#### [Exercise brief]
Output the full listing below exactly, without the pictures.

#### [Recorded information]
* * *
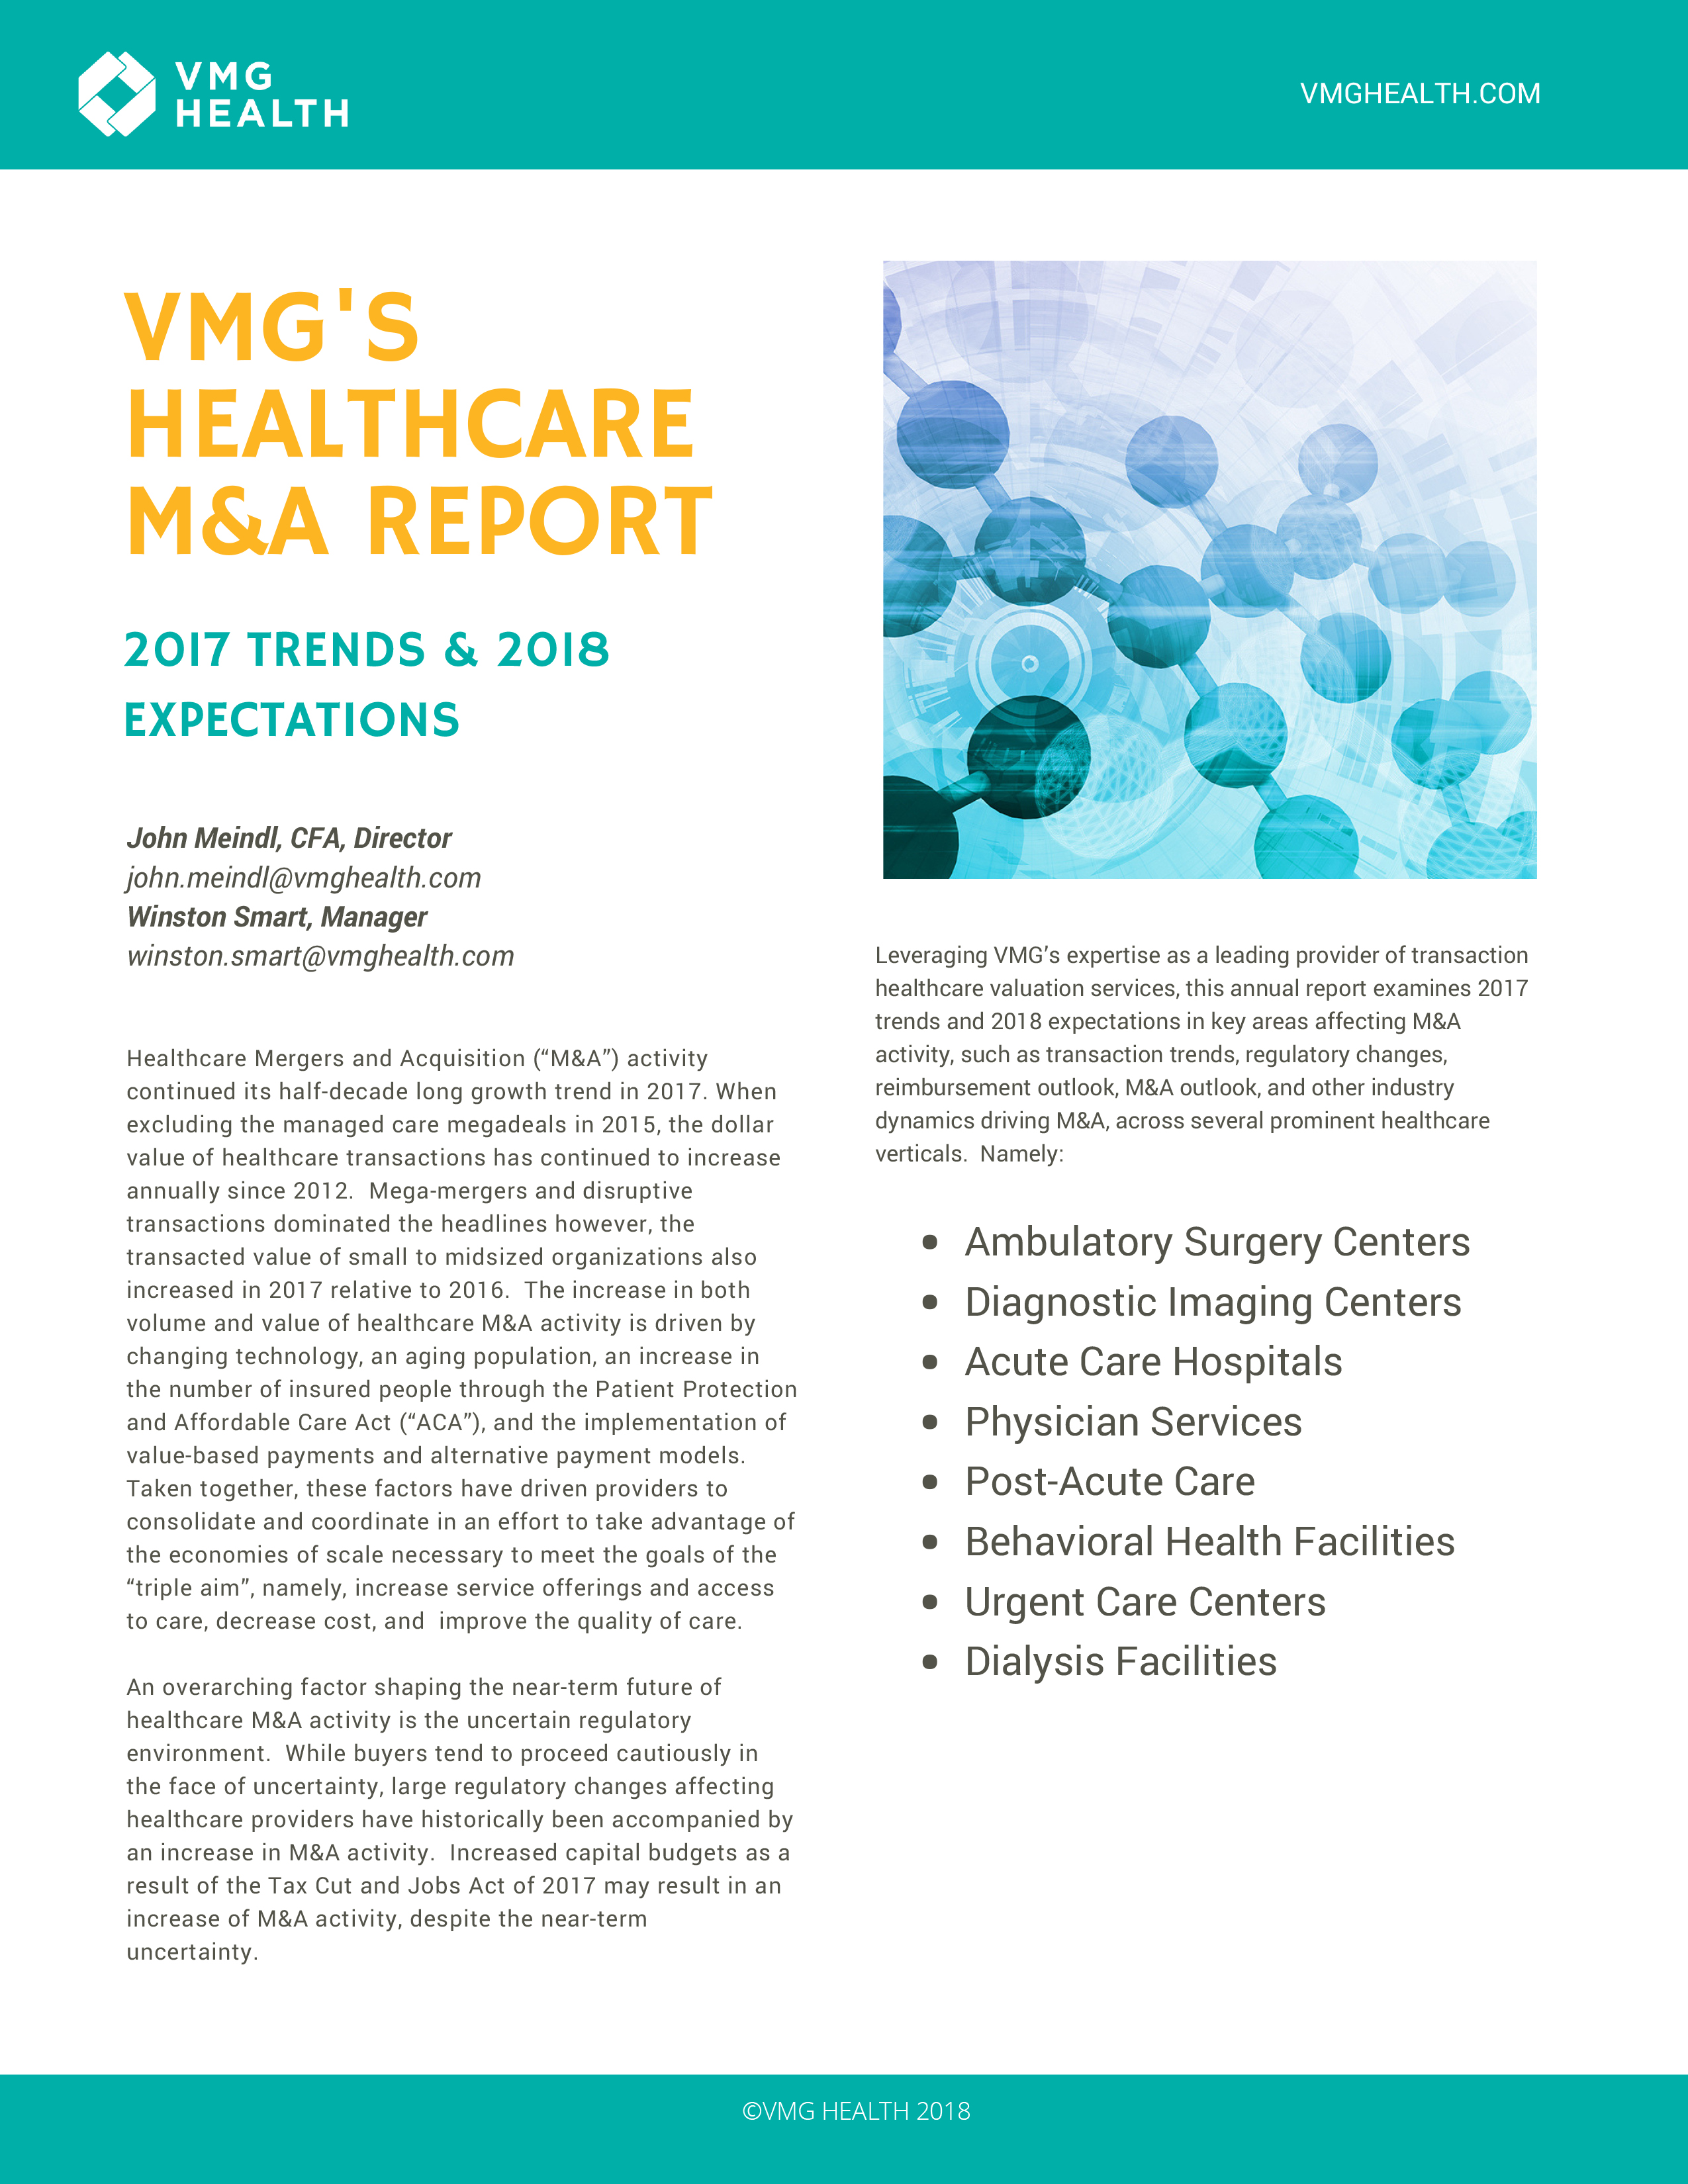 Healthcare M&A Report: 2017 Trends & 2018 Expectations
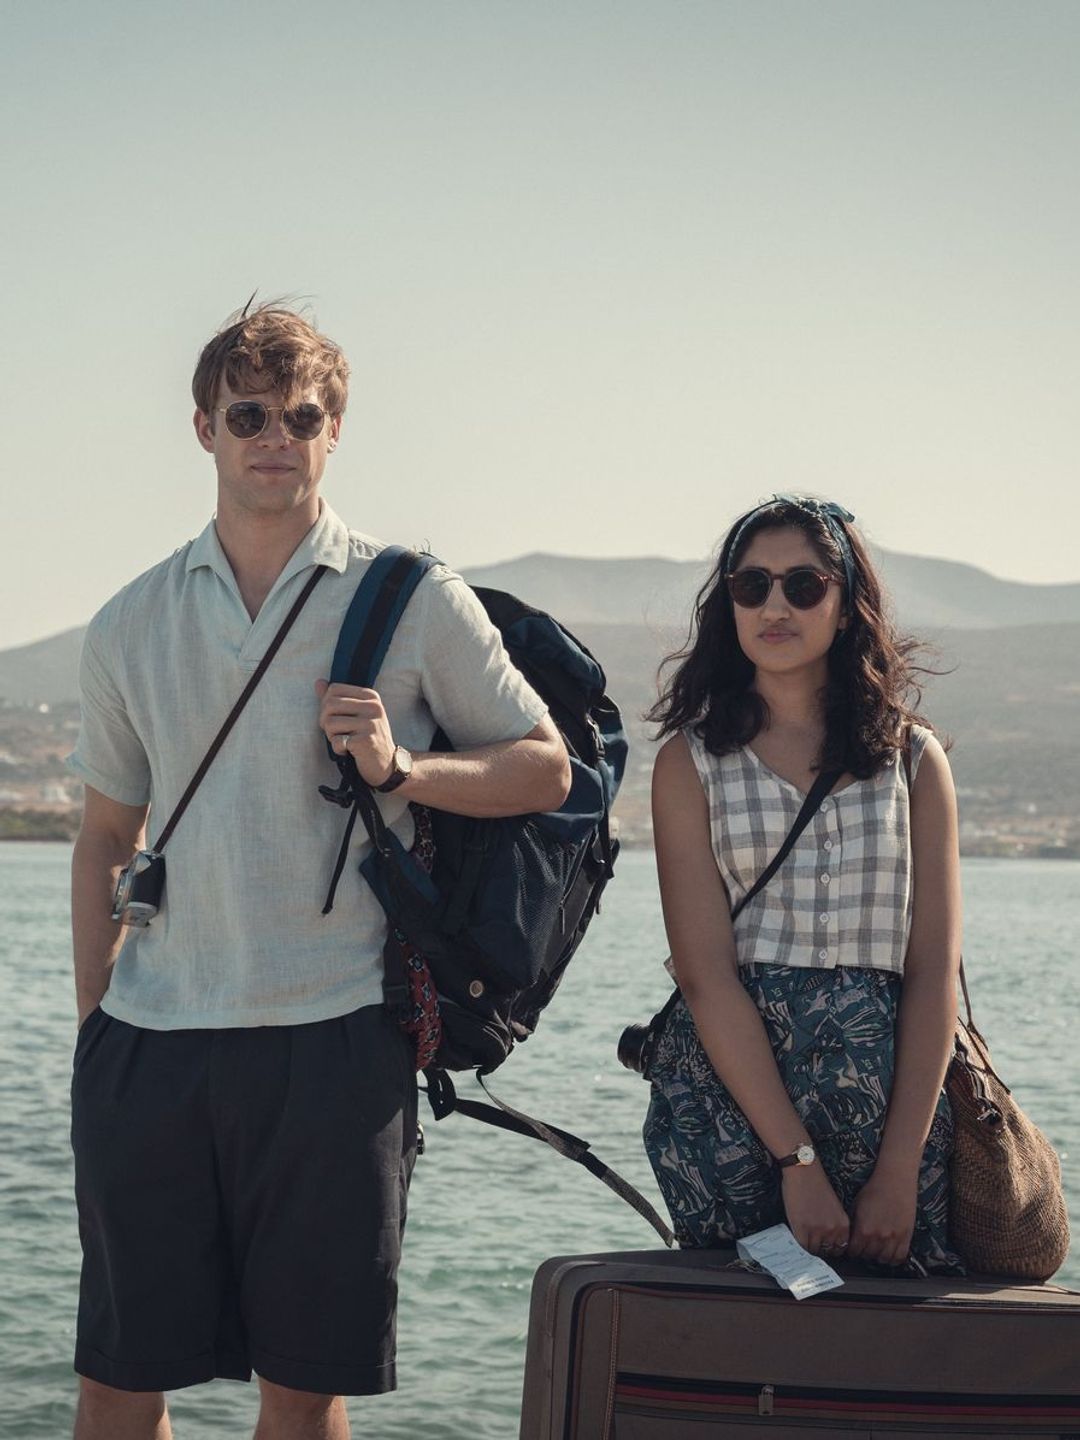 A still from Netflix's One Day Series shows actors, Leo Woodall and Ambika Mod with luggage infront of an ocean backdrop
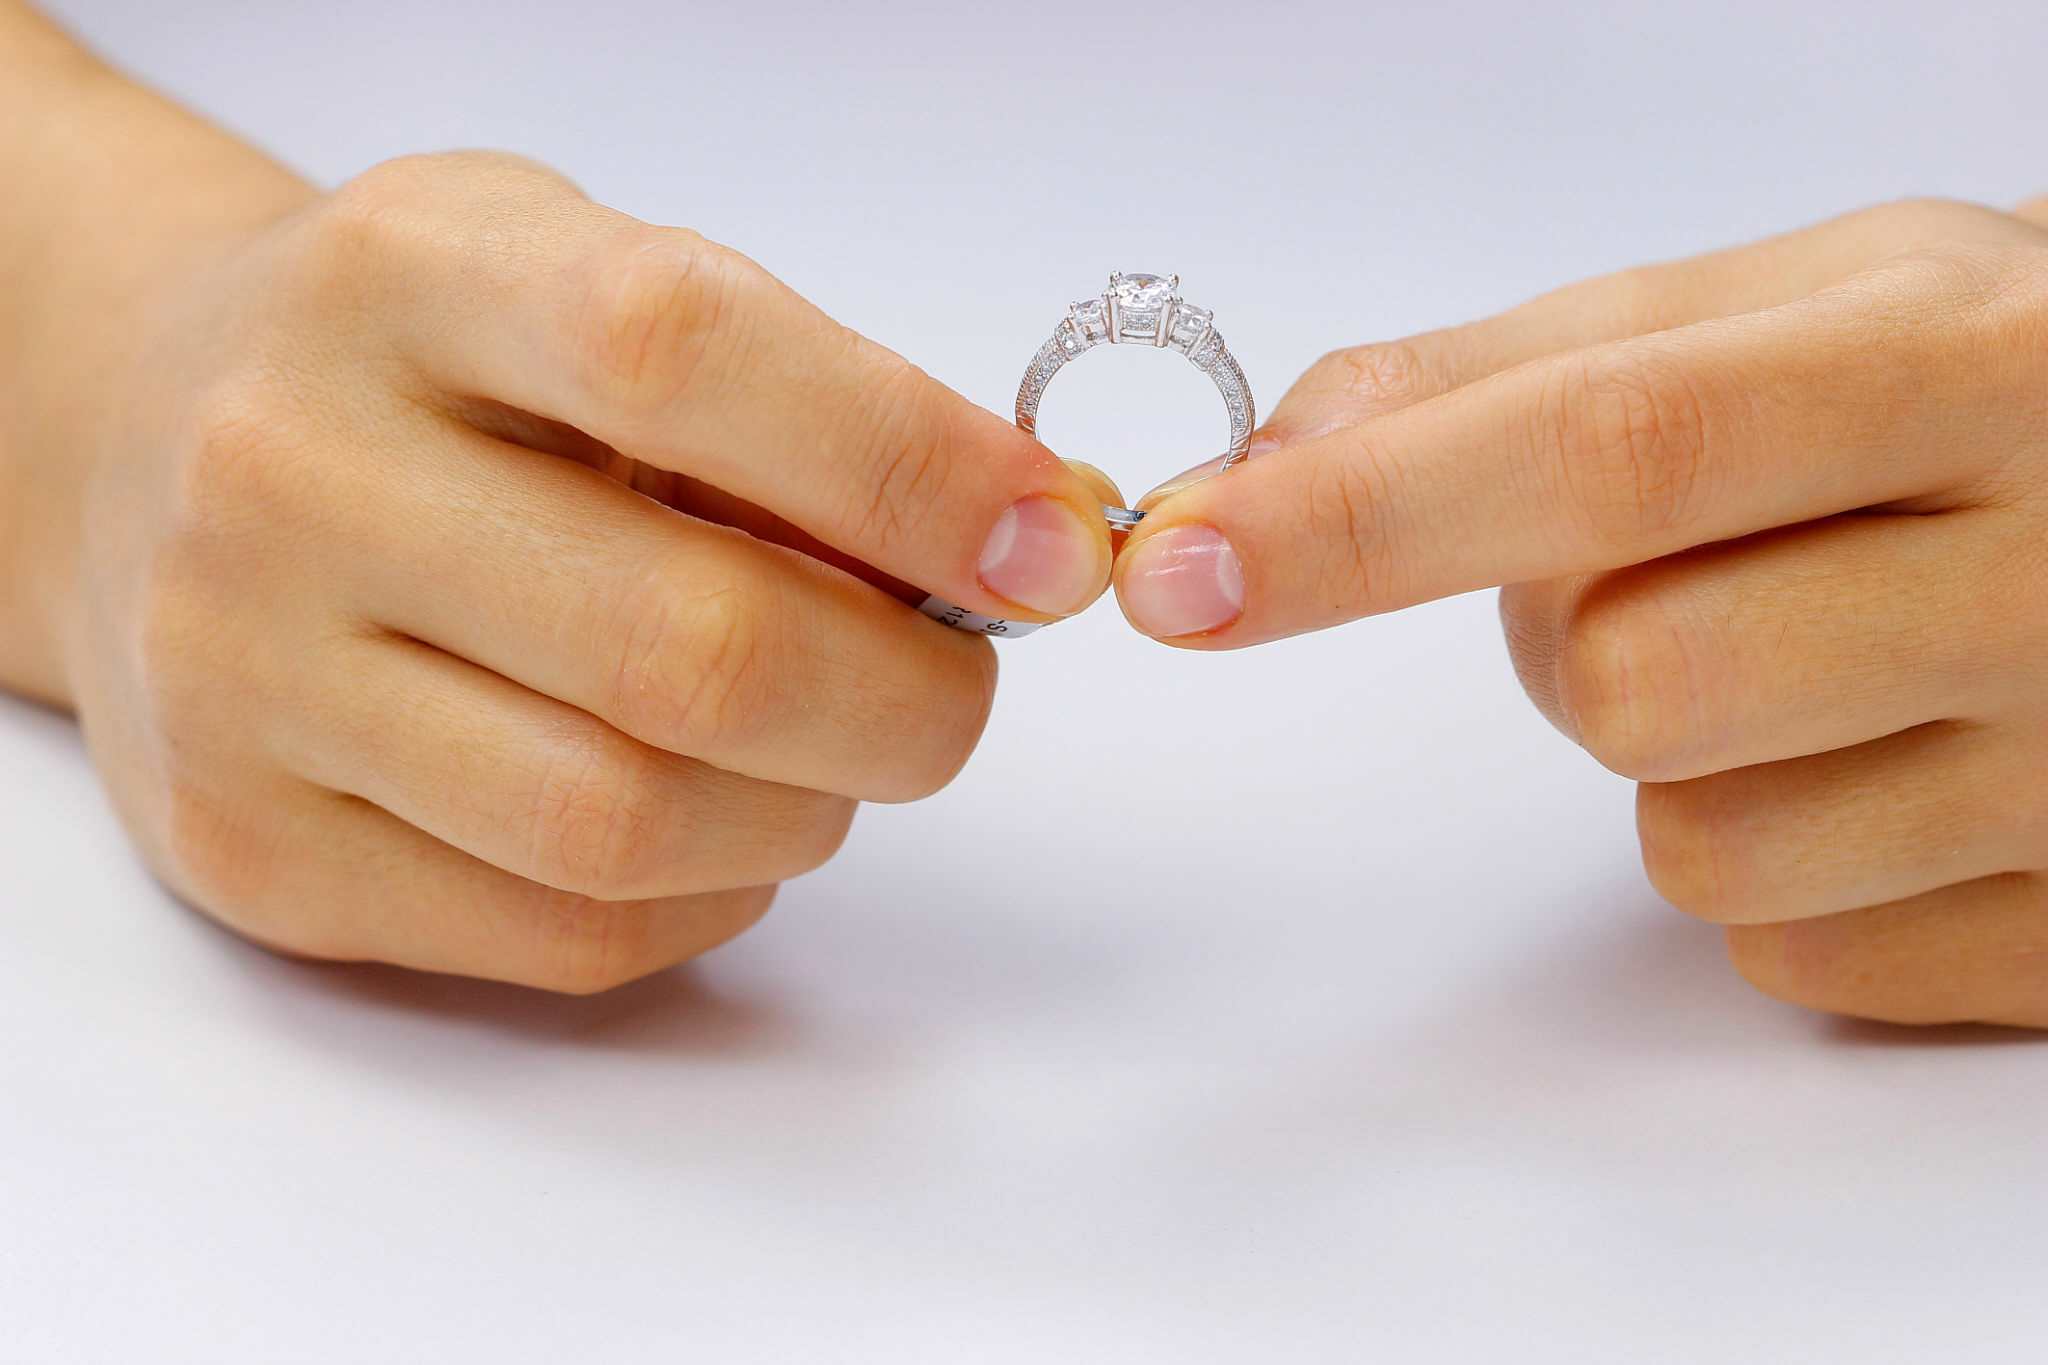 Selecting the perfect ring
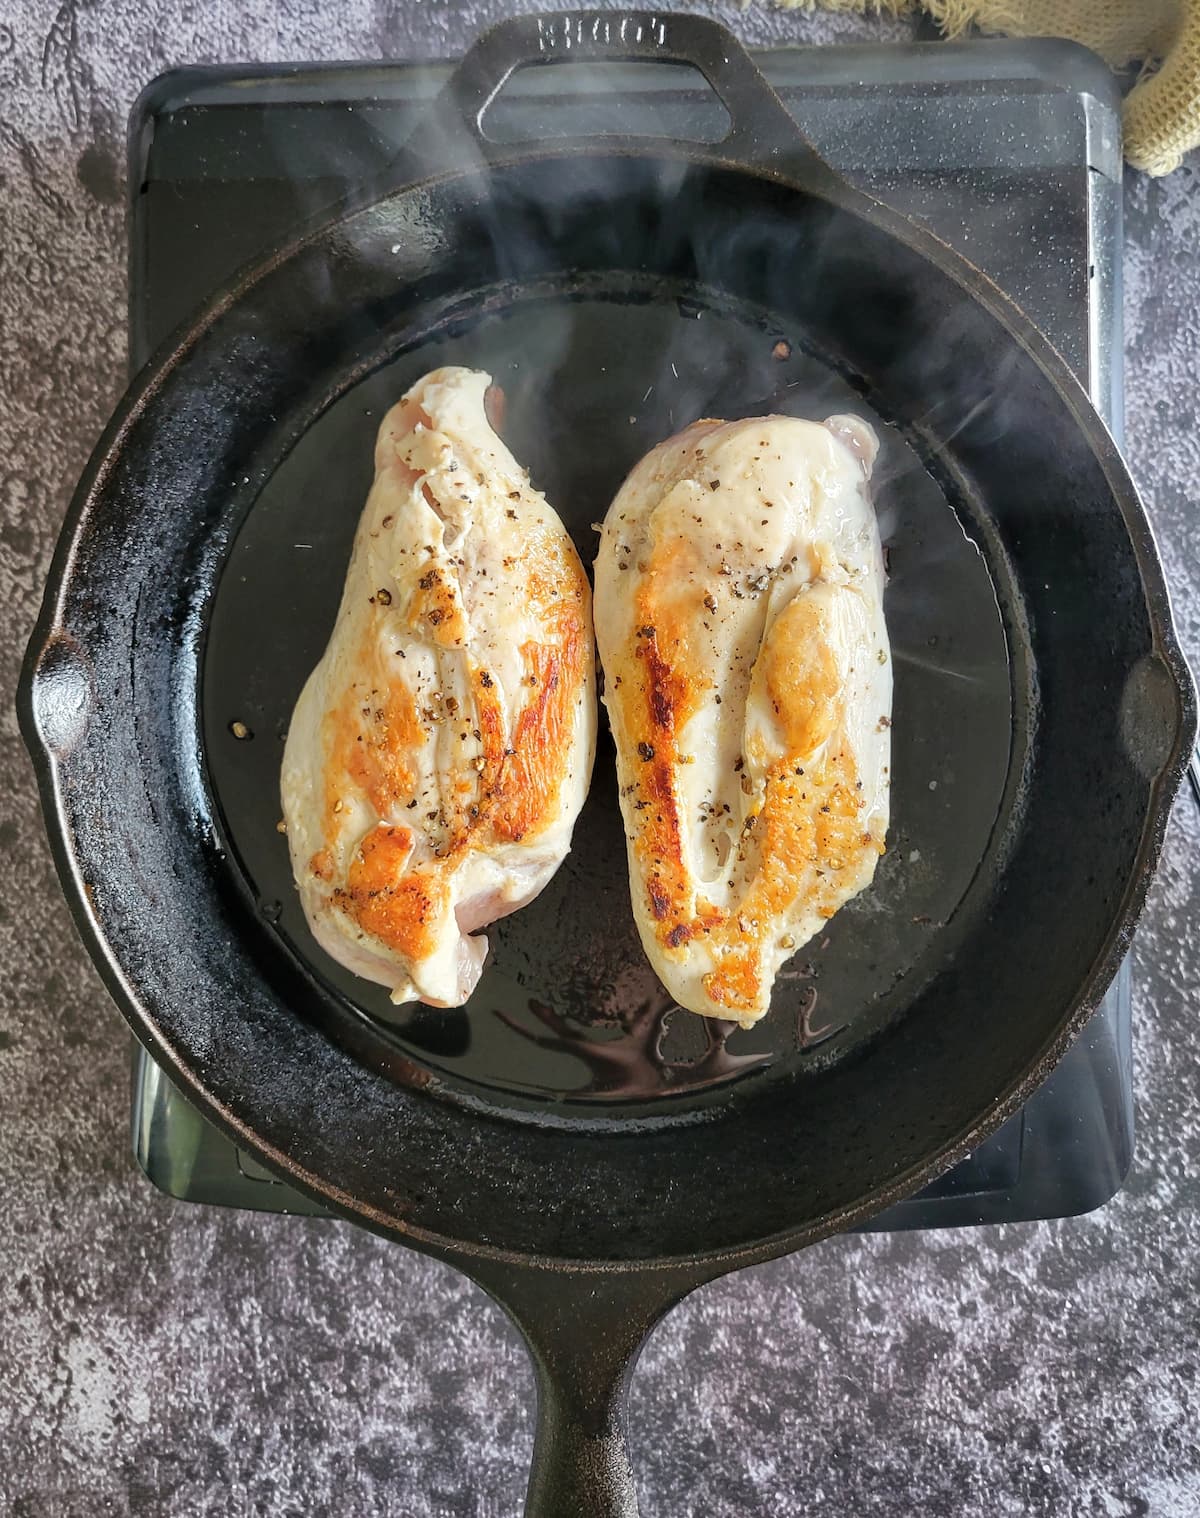 two seasoned chicken breasts searing in a cast iron skillet on a burner, tops are golden brown
* * *
#### [Solution]
 Healthcare M&A Report: 2017 Trends & 2018 Expectations
 A still from Netflix's One Day Series shows actors, Leo Woodall and Ambika Mod with luggage infront of an ocean backdrop
 Selecting the perfect ring
 two seasoned chicken breasts searing in a cast iron skillet on a burner, tops are golden brown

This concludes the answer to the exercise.